Mildred Randall first served with her husband; later she was called to serve on her own.

"I am on a foreign mission, and the first woman who has ever been sent on such a mission without her husband."

photo by olivier graziano

When Brigham Young called Mildred Randall to serve a mission with her husband in the Hawaiian Islands in 1865, she was expected to serve a role that was then typical for an LDS woman missionary—manage the house, take care of the children, and feed the missionaries while her husband was teaching the gospel. To prepare, Randall sold her home to pay for her voyage to the islands. When she arrived at Laie, Randall set up a plantation school where she taught the native children. When her husband returned to the United States after two months, Randall remained in Hawaii and became the first LDS woman to serve a mission without her husband. In “I Am on a Foreign Mission,” Elizabeth Maki recounts Randall’s story.

Although alone, Randall continued to run the school in Laie for over a year until Brigham Young released her and commended her for her “faithfulness and diligence in staying there after [her] partner returned home.” In 1873, President Young called Randall to return to Hawaii to continue teaching at the plantation school.

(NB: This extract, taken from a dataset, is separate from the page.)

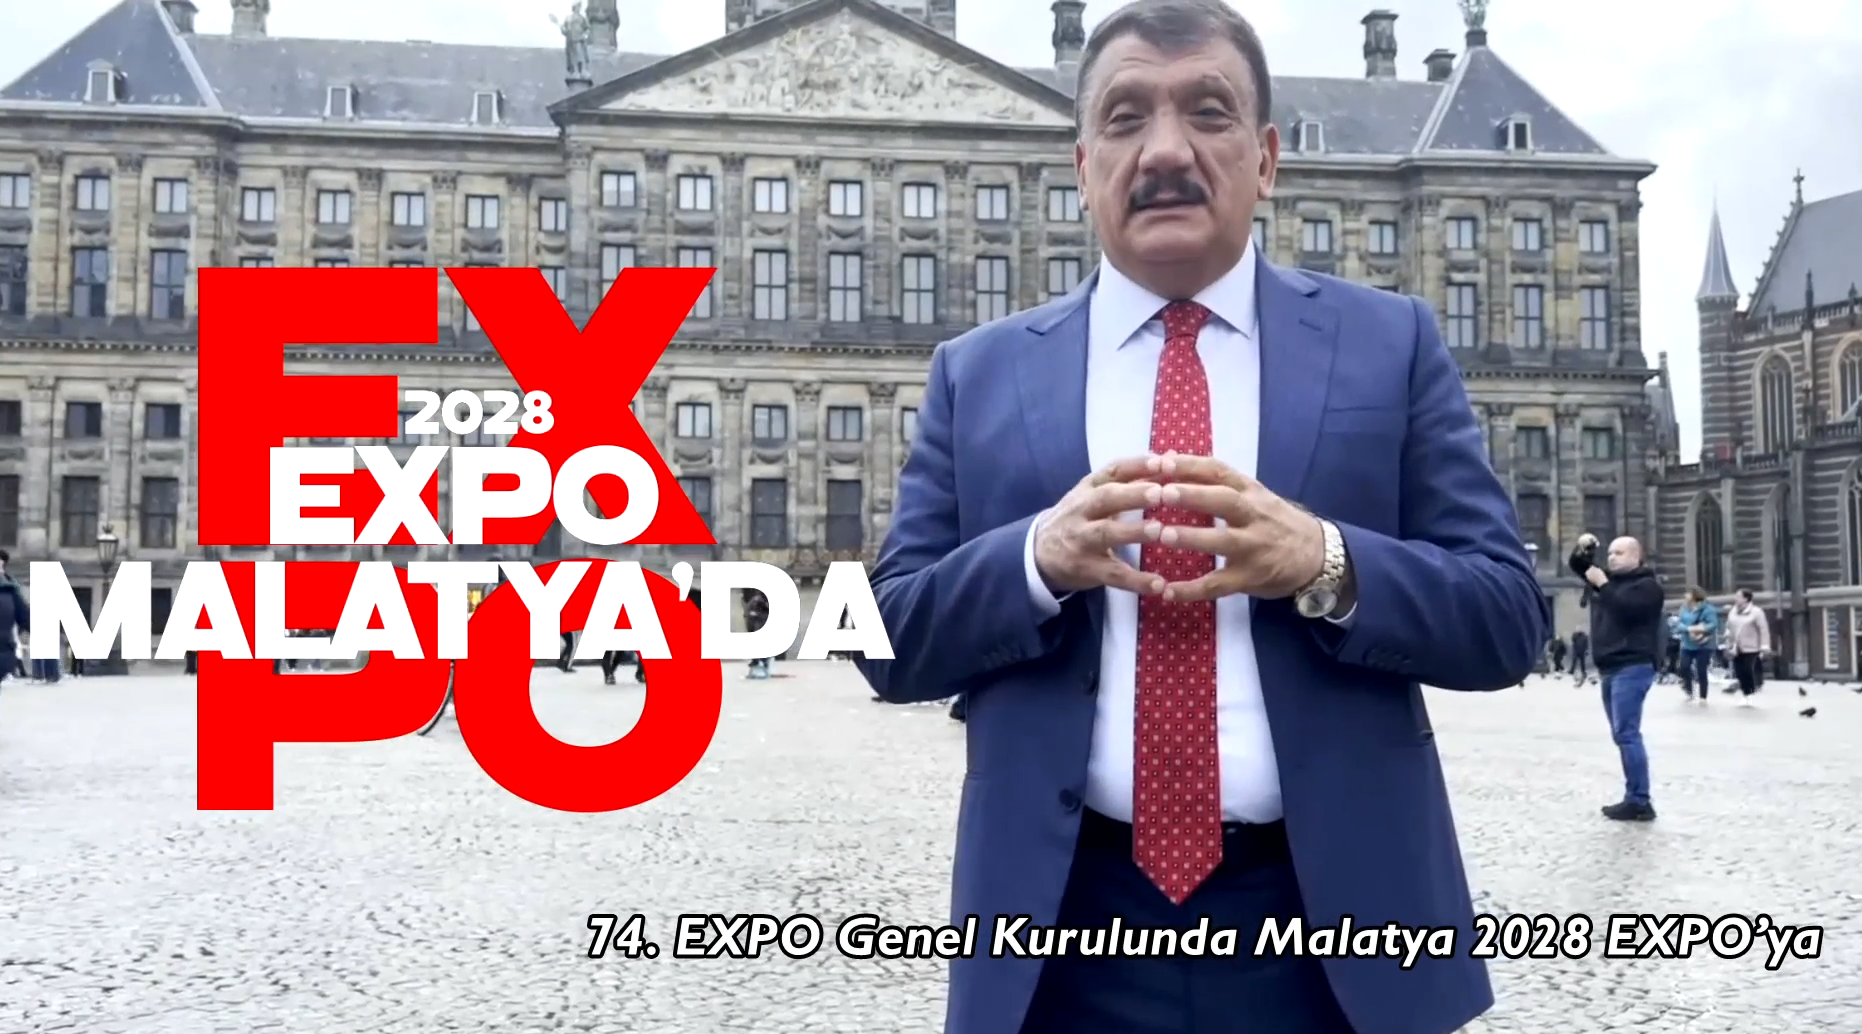 EXPO 2028 MALATYA’DA

By doing so, she became “the first woman to be officially set apart for a mission without her husband.”

Randall was determined to succeed. “I am on a foreign mission, and the first woman who has ever been sent on such a mission without her husband,” she wrote. “I consider it a great privilege and shall endeavor to do all the good I can while here.”

For three years, Randall ran the school and supported herself financially from her work there. It was a difficult task, but she felt that her efforts were helping to spread the gospel in the Hawaiian Islands. “My school has increased in number and . . . I feel more encouraged,” she wrote in 1874. “The work is progressing on the islands.”

Even after she returned to Utah, where she died in 1913, her missionary efforts in Laie were remembered by the Hawaiian people. 

Discover more about Mildred Randall’s mission in Elizabeth Maki’s article, “I Am on a Foreign Mission.”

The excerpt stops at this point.